Sometimes, a required amendment may involve both settlor and non-settlor expenses. For example, in 2005, the IRS issued guidance on how plans could comply with a new final regulation providing that benefits with a value of more than $1,000 cannot be cashed out unless the participant makes an affirmative election to receive the cash. While plan amendments were necessary to comply with the final regulation, different options were available to bring a plan into compliance. A plan with a $5,000 cash-out limit could reduce the cash-out limit to $1,000, eliminating cash-outs for amounts exceeding $1,000. Alternatively, the plan could leave the $5,000 cash-out limit in place and come to an agreement with a default IRA service provider to receive cash-outs over $1,000 in cases where the participant did not make the required election. Any consulting related to deciding which option to implement would likely be considered a settlor expense, while the fees related to amending the plan in accordance with the chosen compliance method are likely a non-settlor expense.
To pay plan expenses out of plan assets, the plan (or trust) document should allow for such payments. The U.S. Department of Labor (DOL), however, has generally been permissive on this issue, taking the position that when the plan document is silent regarding the payment of reasonable administrative expenses, the plan is permitted to pay such expenses.
As prescribed by ERISA, plan assets can be used to defray “reasonable” expenses of plan administration. Determination of whether a particular expense is reasonable is a fiduciary decision for the plan sponsor.

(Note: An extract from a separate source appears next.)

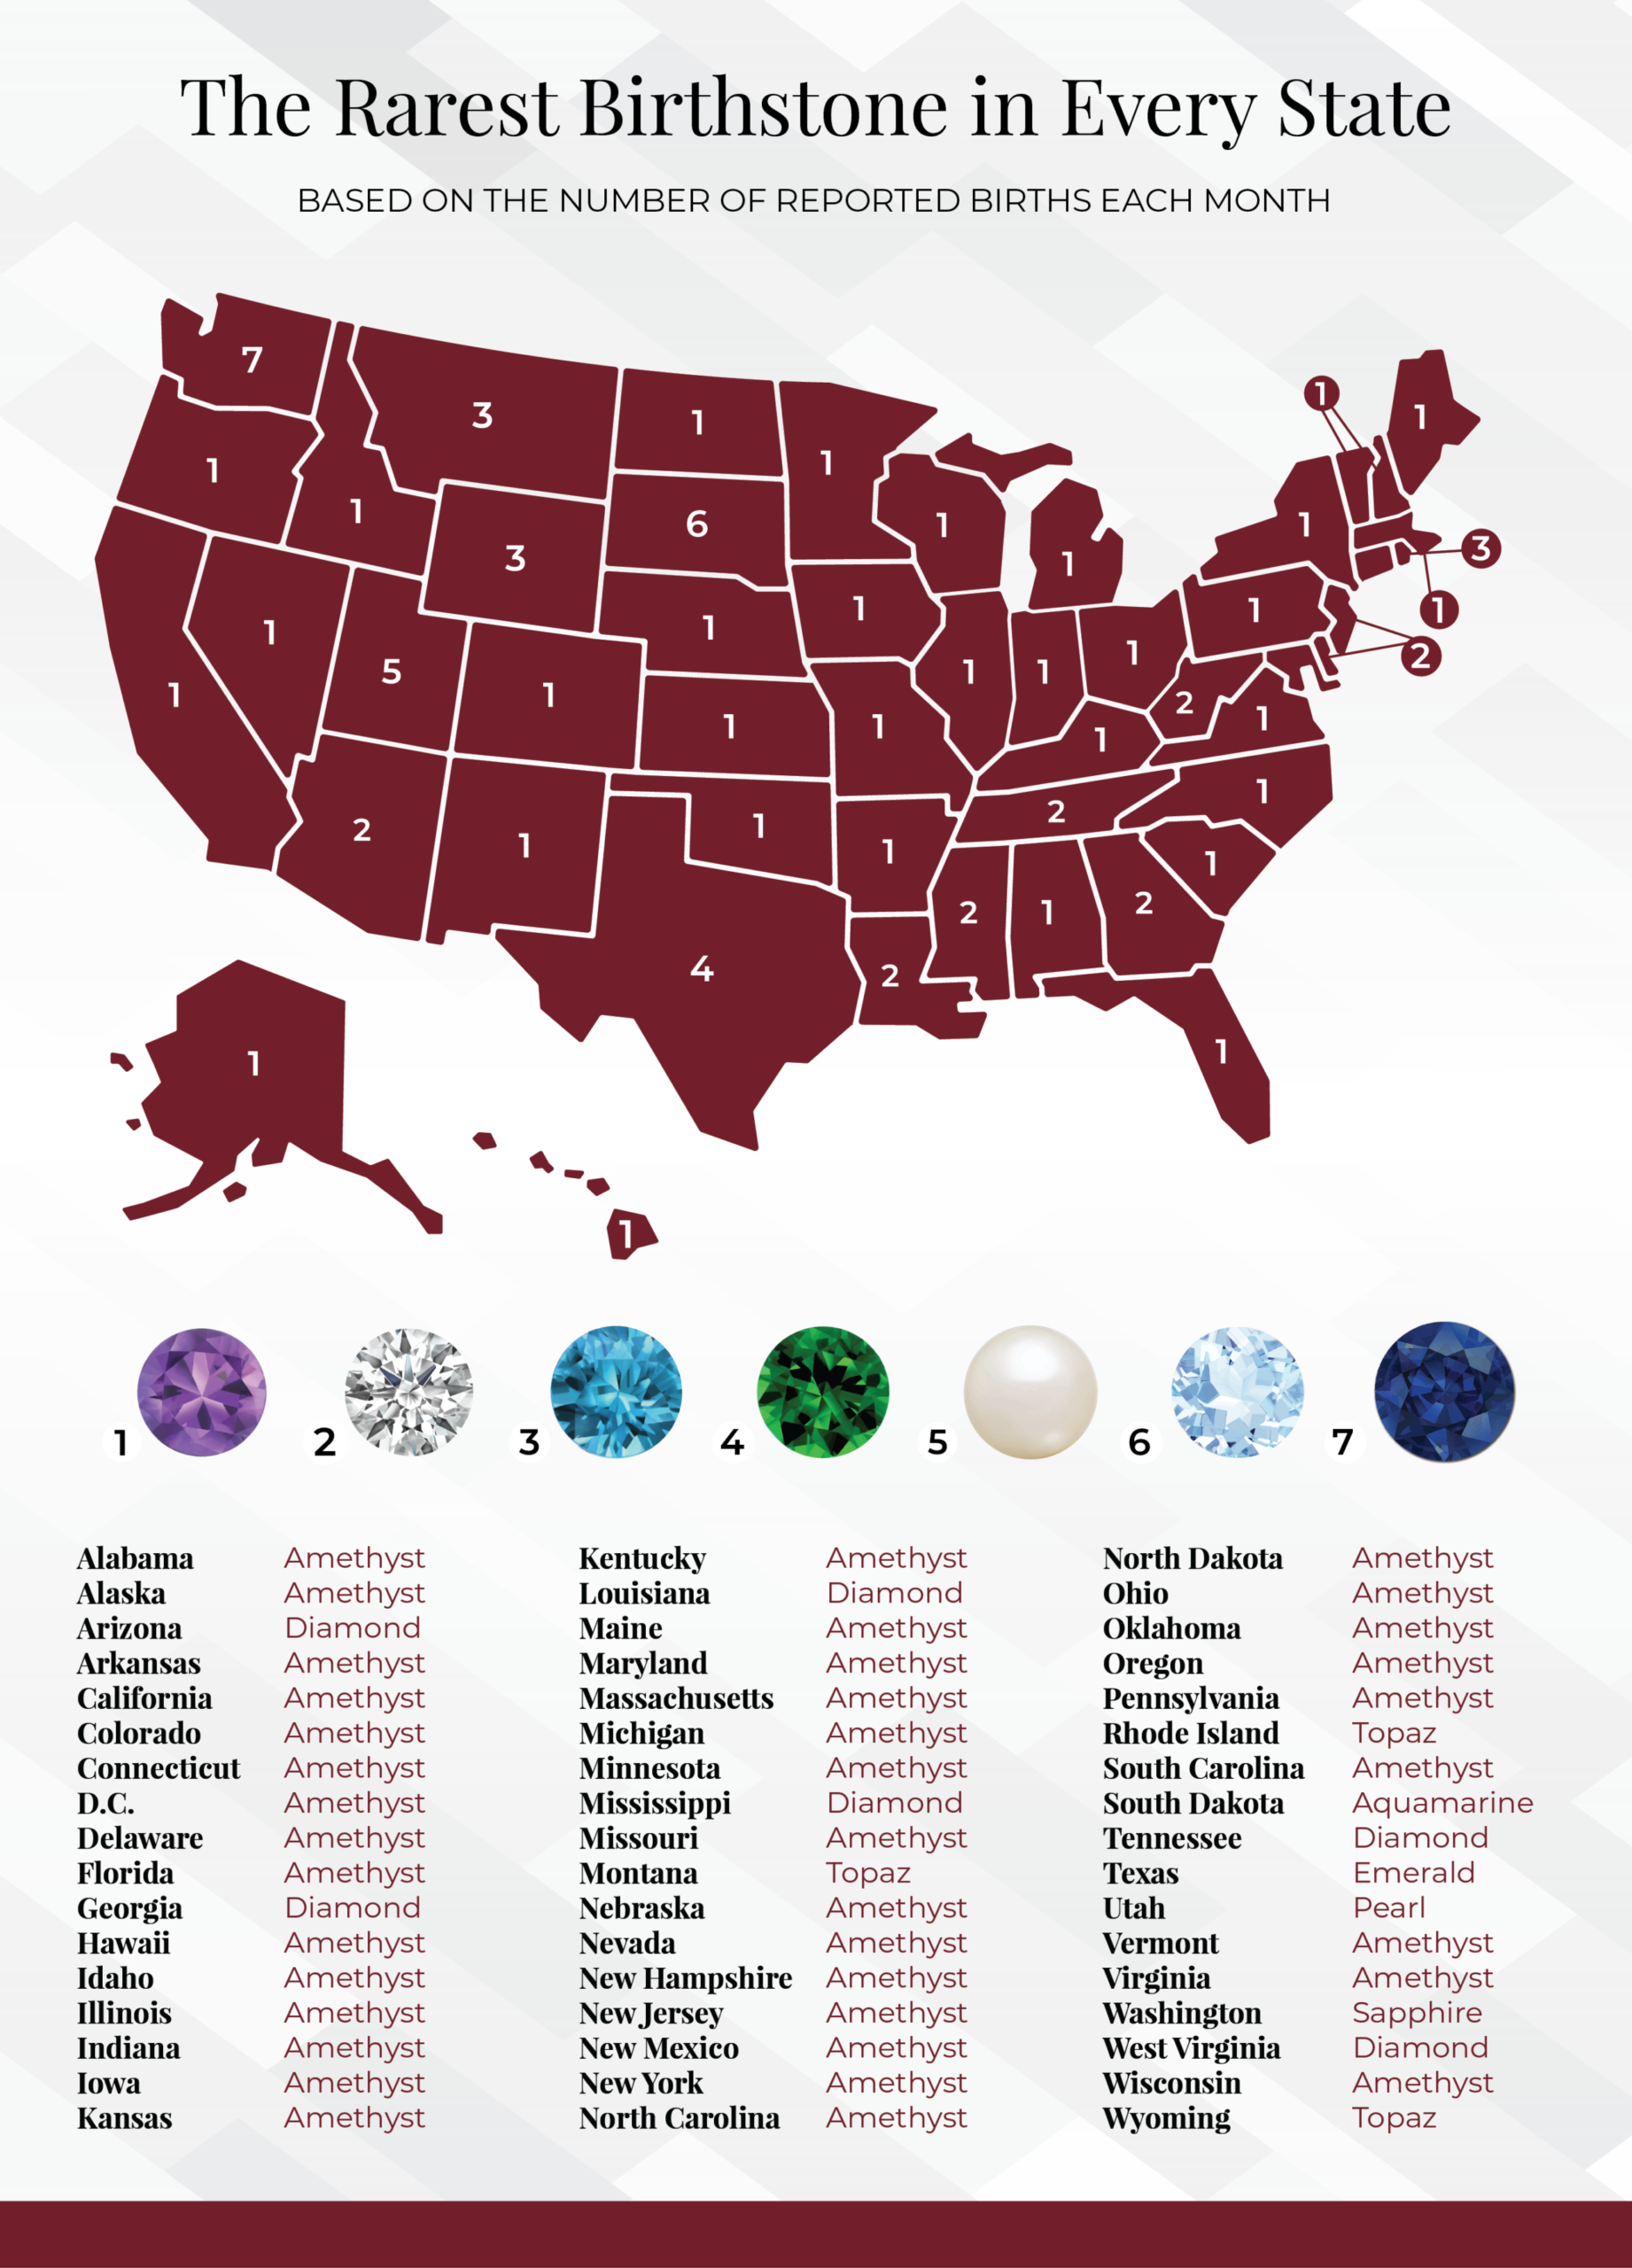 U.S. map showing the rarest birthstone in each state.

Payment of administrative expenses from plan assets in a defined contribution (DC) plan may effectively result in the plan participants paying those expenses, if those expenses are allocated against participant accounts. Expenses for a DC plan may also be paid out of a plan’s forfeiture account. Some DC plans may use an “ERISA Spend account” or a “revenue holding account” to record revenue-sharing payments from their investment providers. Non-settlor expenses could be paid from these accounts as well, preventing a charge against participant accounts. We recommend that plan sponsors document their procedures and policies regarding the payment of fees and the usage of forfeitures or “ERISA Spend accounts.”
In a defined benefit (DB) plan, the anticipated administrative expenses expected to be paid out of plan assets should be included in the target normal cost when calculating the minimum required contribution. If the plan is underfunded on a minimum contribution basis, the plan sponsor is effectively paying these expenses as part of the annual contribution. For an overfunded plan, paying permissible expenses out of plan assets may reduce the plan sponsor’s costs to maintain the plan.
The DOL has published “Guidance on Settlor v. Plan Expenses” to provide “further clarification and guidance” to “facilitate both compliance and enforcement efforts in this area”, available here:
The guidance presents six separate “fact patterns” followed by the DOL’s analysis of how the fiduciary duties under ERISA would be applied in each case.
Other sources of guidance include the DOL’s Advisory Opinion 2001-01A, DOL Field Assistance Bulletin 2003-3, and the Employee Benefit Security Administration’s publication “Understanding Retirement Plan Fees and Expenses.”
Finally, we suggest discussing any questions you have regarding the payment of retirement plan expenses with an ERISA attorney.